I don't think that's what's being said. (Perhaps I'm wrong.) The gist I'm getting is, just because you have a hammer doesn't mean everything is a nail. And that yesterday's nail might not be today's nail.
The prevailing issue being, politicians - under the false pretense that they paid to be "leaders" (read: look at me! look at what I can do!!) instead of problem solvers - grab their hammer and do what they already do...pound away.
How's that working out for us?
Note: I'm not suggesting a solution per se. Simply acknowledging that we have a problem, and the general nature of that problem.

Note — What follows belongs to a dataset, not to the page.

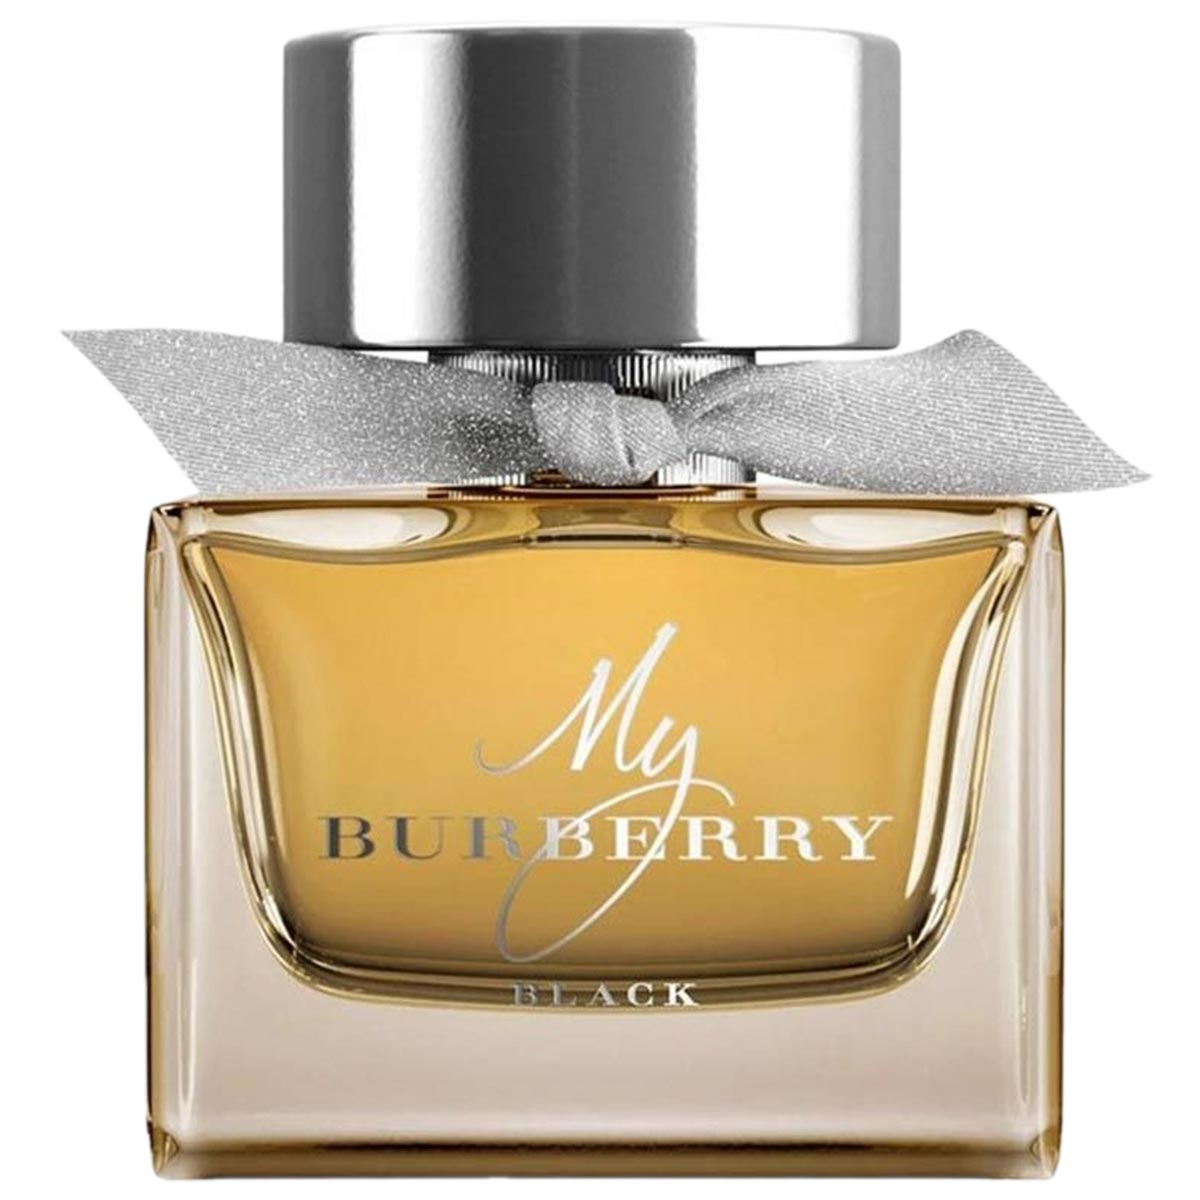 My Burberry Black Eau de Parfum Limited Edition
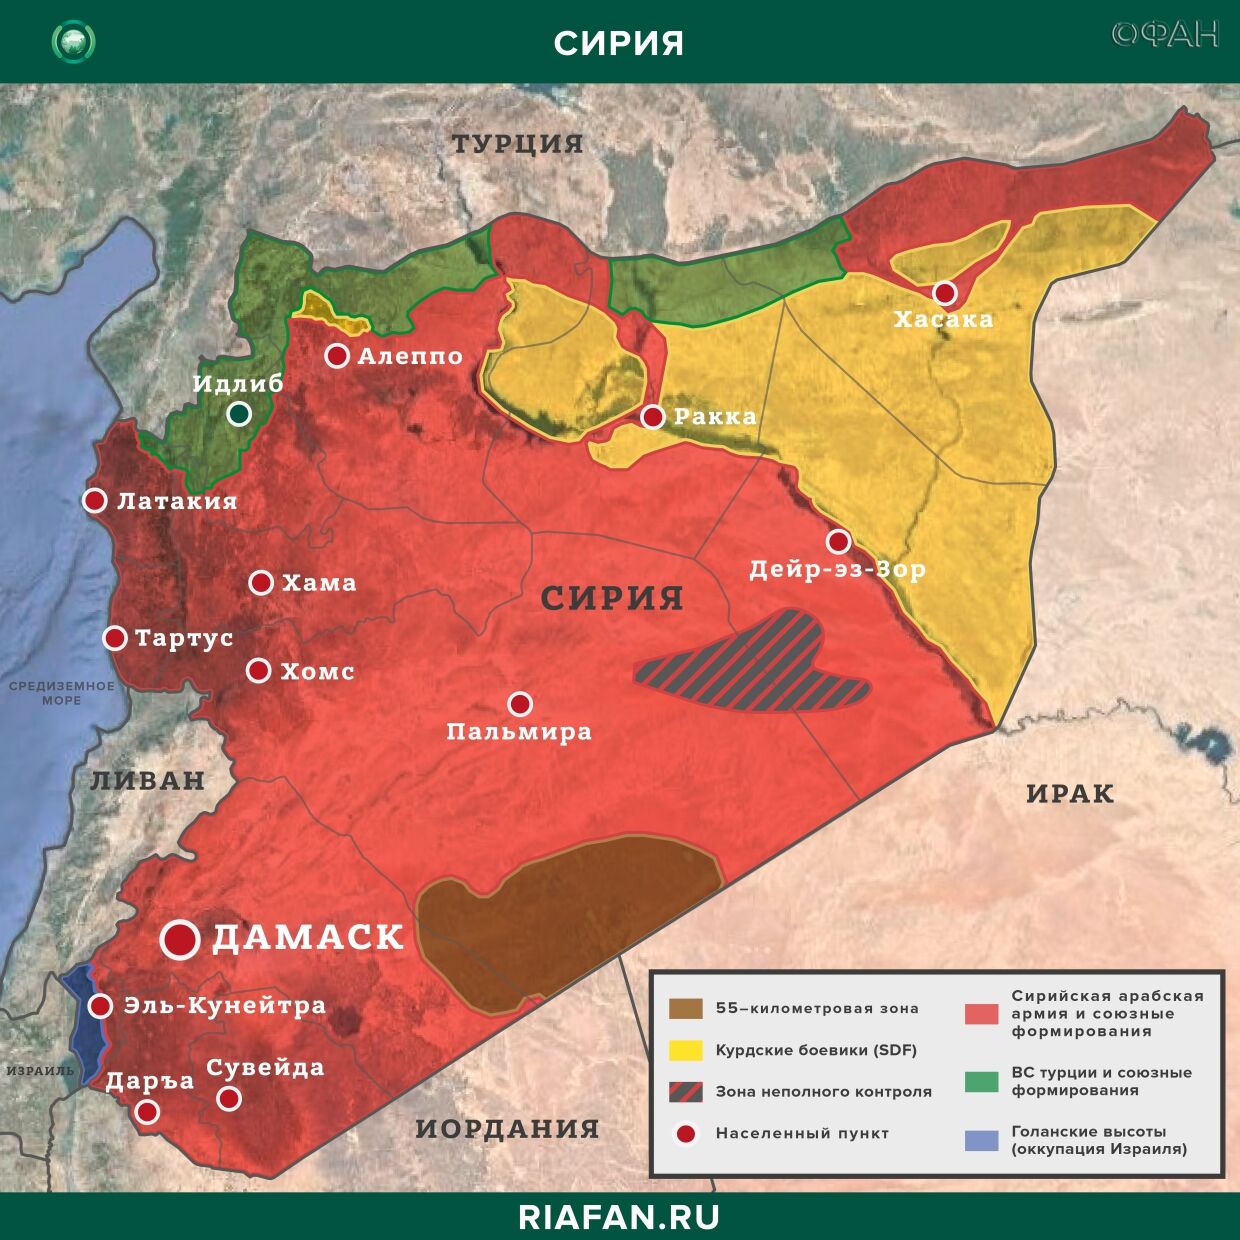 Сирия итоги за сутки на 26 апреля 06.00: США создают группировку для удержания контроля над нефтью, атака на штаб ХТШ в Идлибе

I don't think that's as unreasonable as you make it sound. Laws should not be the knee-jerk reaction to every problem; there are many who think they should be effectively be a last-resort measure (when there truly is no other alternative). Obviously, there is large political disagreement on this issue (viz: conservatives vs. liberals, to use American jargon).
I wouldn't qualify this as a knee-jerk reaction. I'm not saying it's not misguided in its current form. What I mean is that tax evasion in the EU is a well-known problem, and a fix is looooong overdue.
> Obviously, there is large political disagreement on this issue (viz: conservatives vs. liberals, to use American jargon).
There is not as much disagreement as it can sometimes seem, between those particular groups, as ID'ed using that jargon.
The American Conservatives and the American Liberals both think that laws should be the knee-jerk reaction to certain sets of problems. Their differences lie in which problems those are: by and large, the Conservatives say that those are the social problems, and the Liberals say that those are the economic problems.
But you are right, there are many who think they should be a last-resort measure in all-but-every case: the American jargon calls them Libertarians, and the American first-past-the-post voting system calls them personae non gratae.